*Task prompt*.
One exact copy of the listing is needed. It should contain no pictures.

*Material provided*.
···
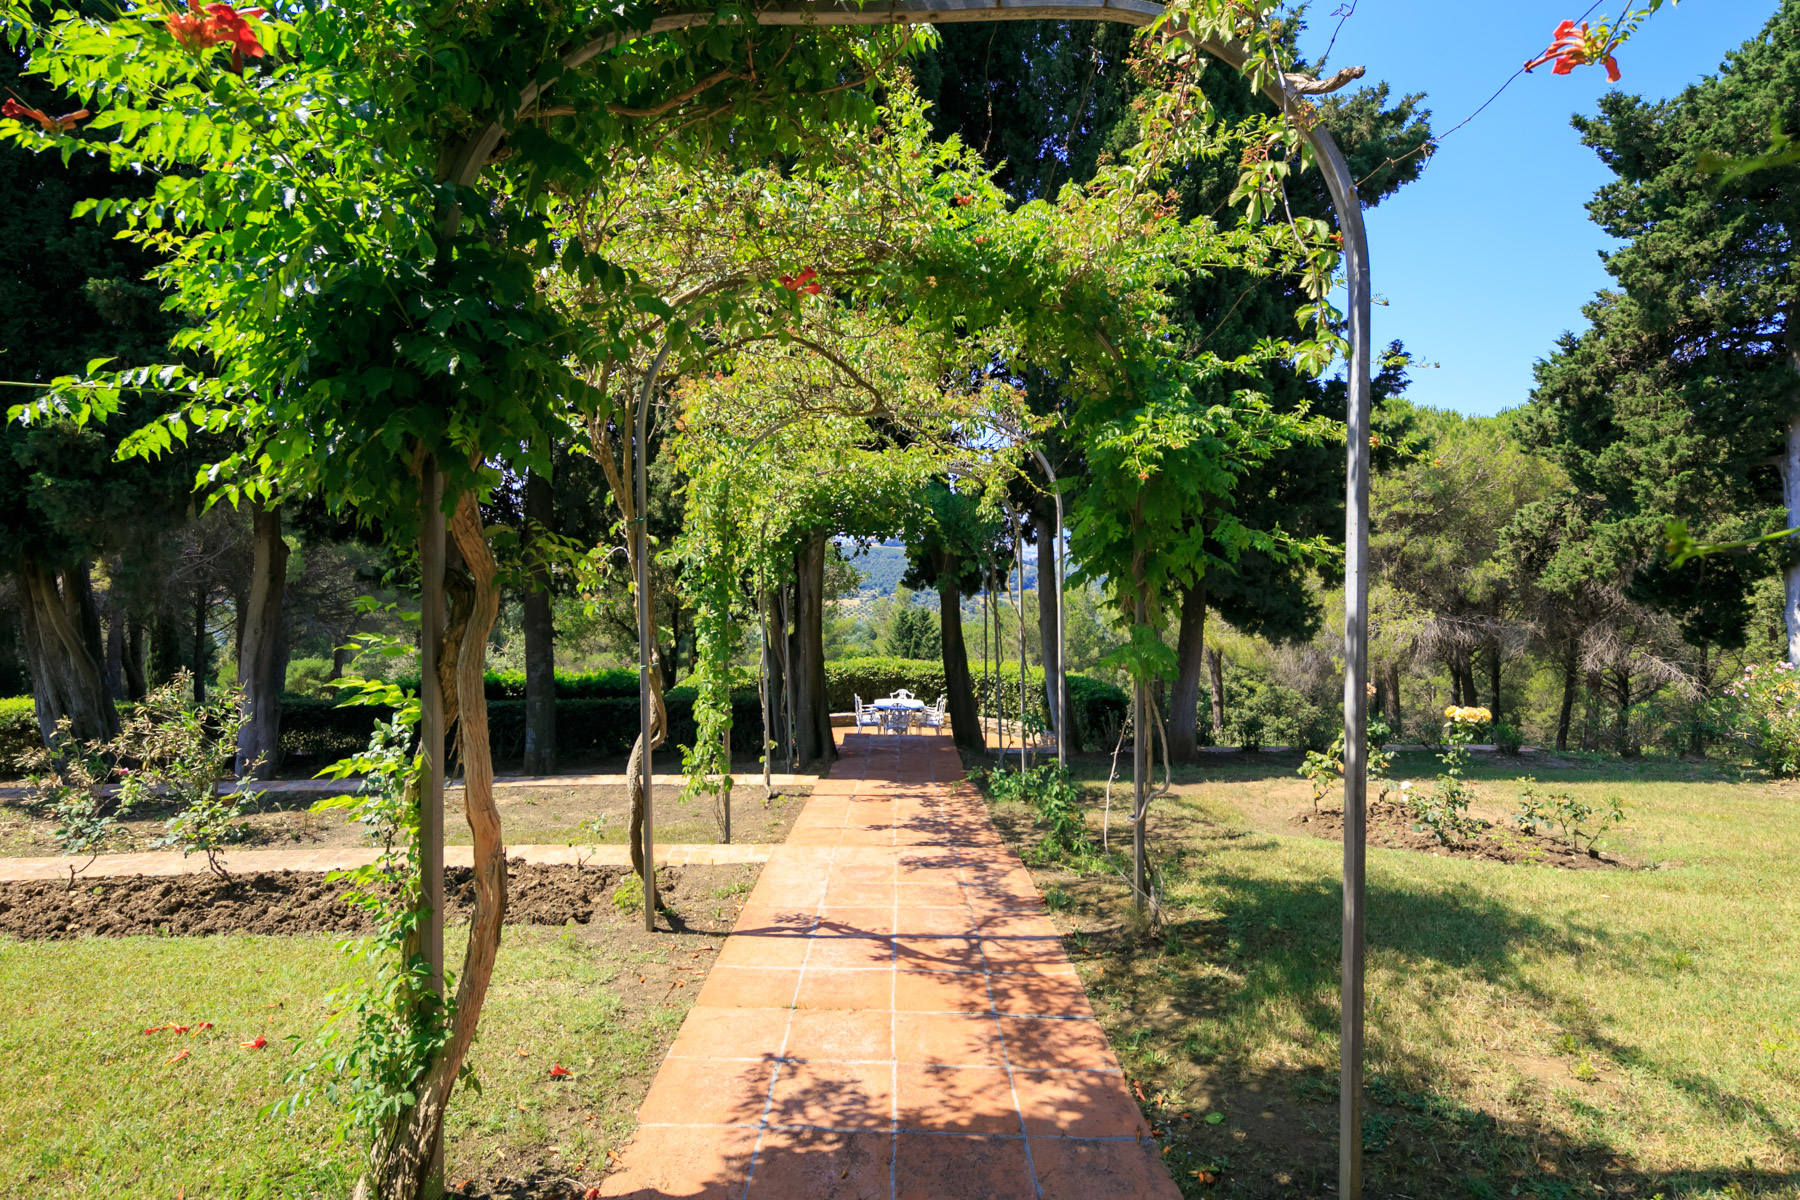 Villa in Vendita a Campiglia Marittima: 5 locali, 1100 mq - Foto 10
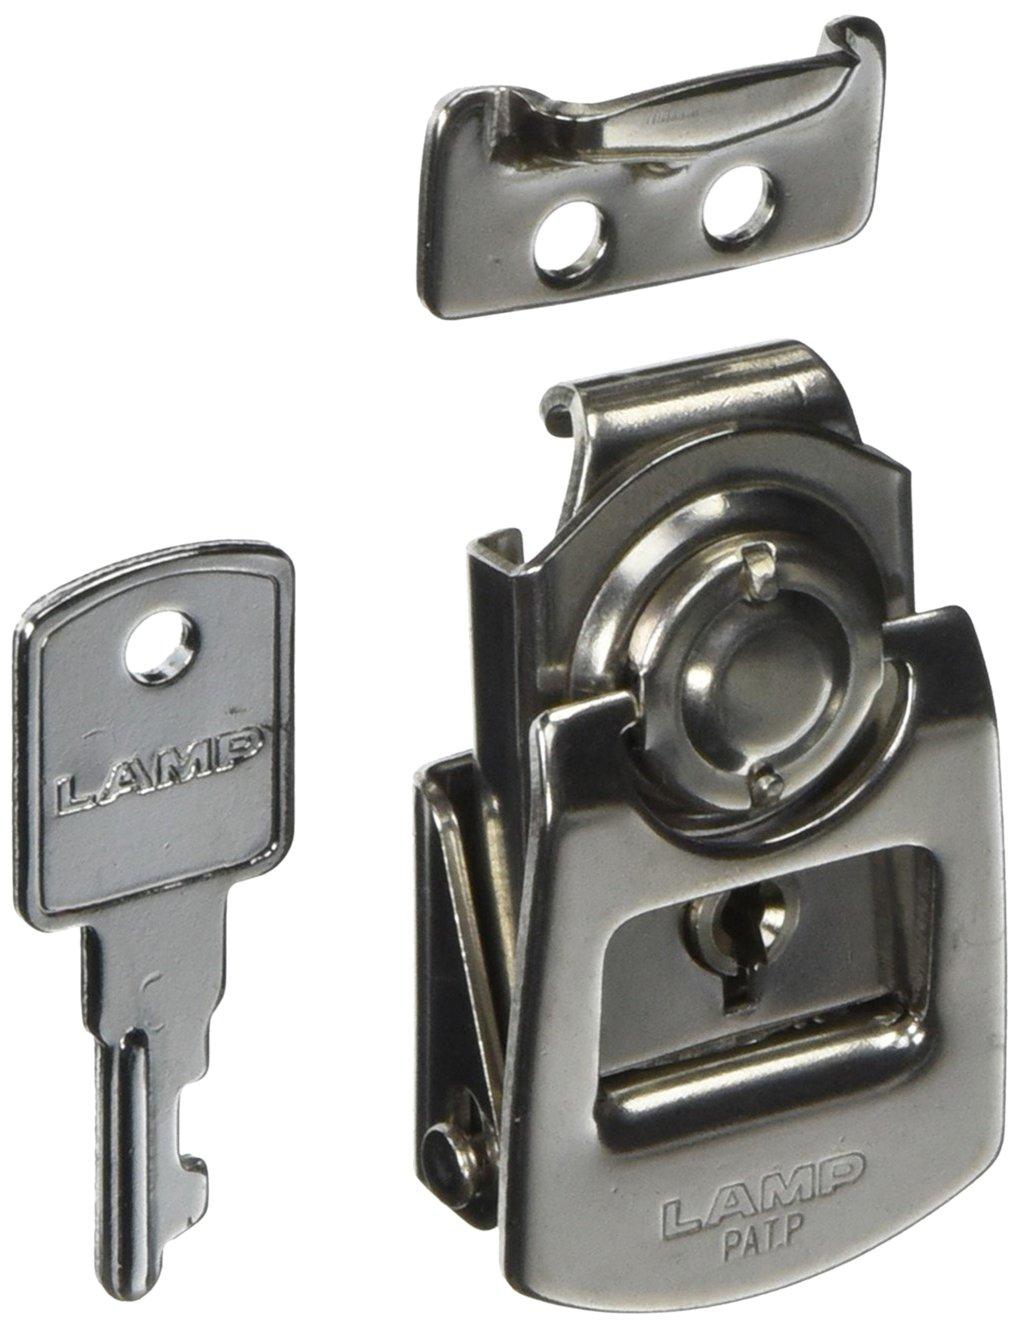 Stainless Steel 304 Mini Draw Latch, Plain Finish, Key Locking, 2 1/2'' Length (Pack of 1)
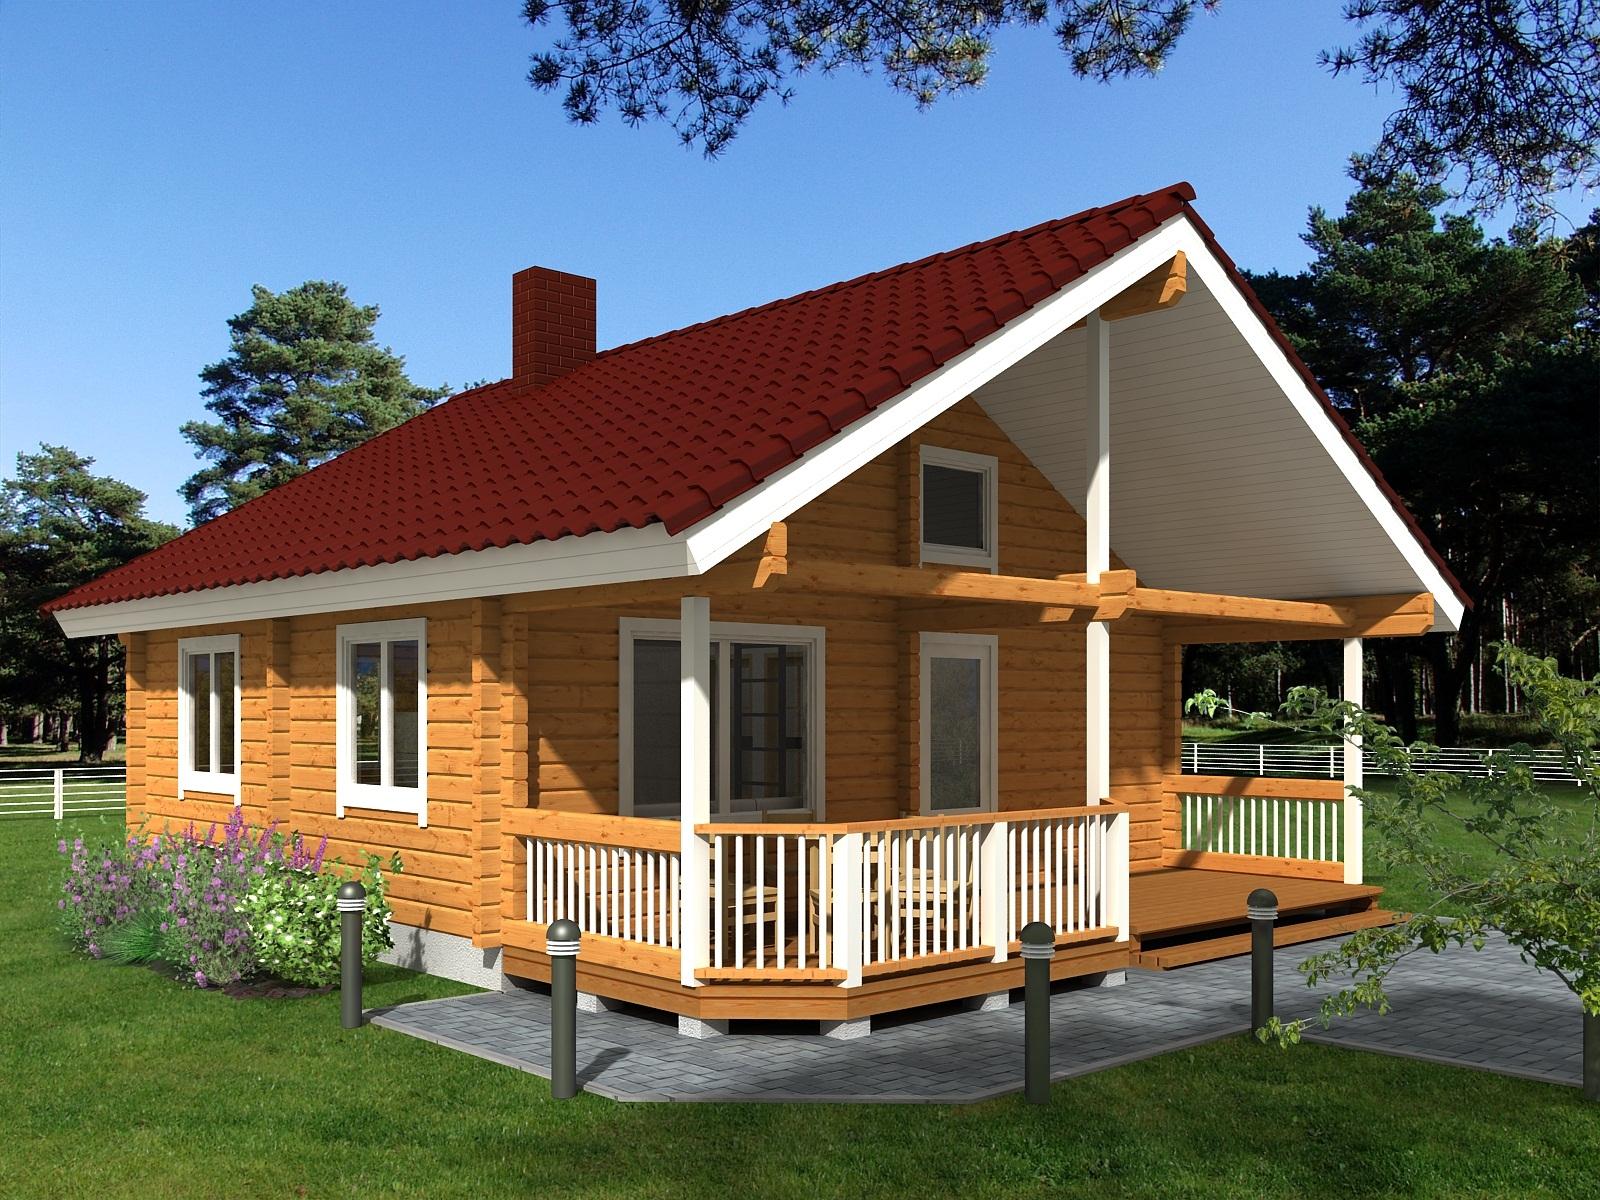 komfort wohnbau gmbh blockhaus massivhausbau blockhausbau. Black Bedroom Furniture Sets. Home Design Ideas
···
*Written solution*.
 Villa in Vendita a Campiglia Marittima: 5 locali, 1100 mq - Foto 10
 Stainless Steel 304 Mini Draw Latch, Plain Finish, Key Locking, 2 1/2'' Length (Pack of 1)
 komfort wohnbau gmbh blockhaus massivhausbau blockhausbau. Black Bedroom Furniture Sets. Home Design Ideas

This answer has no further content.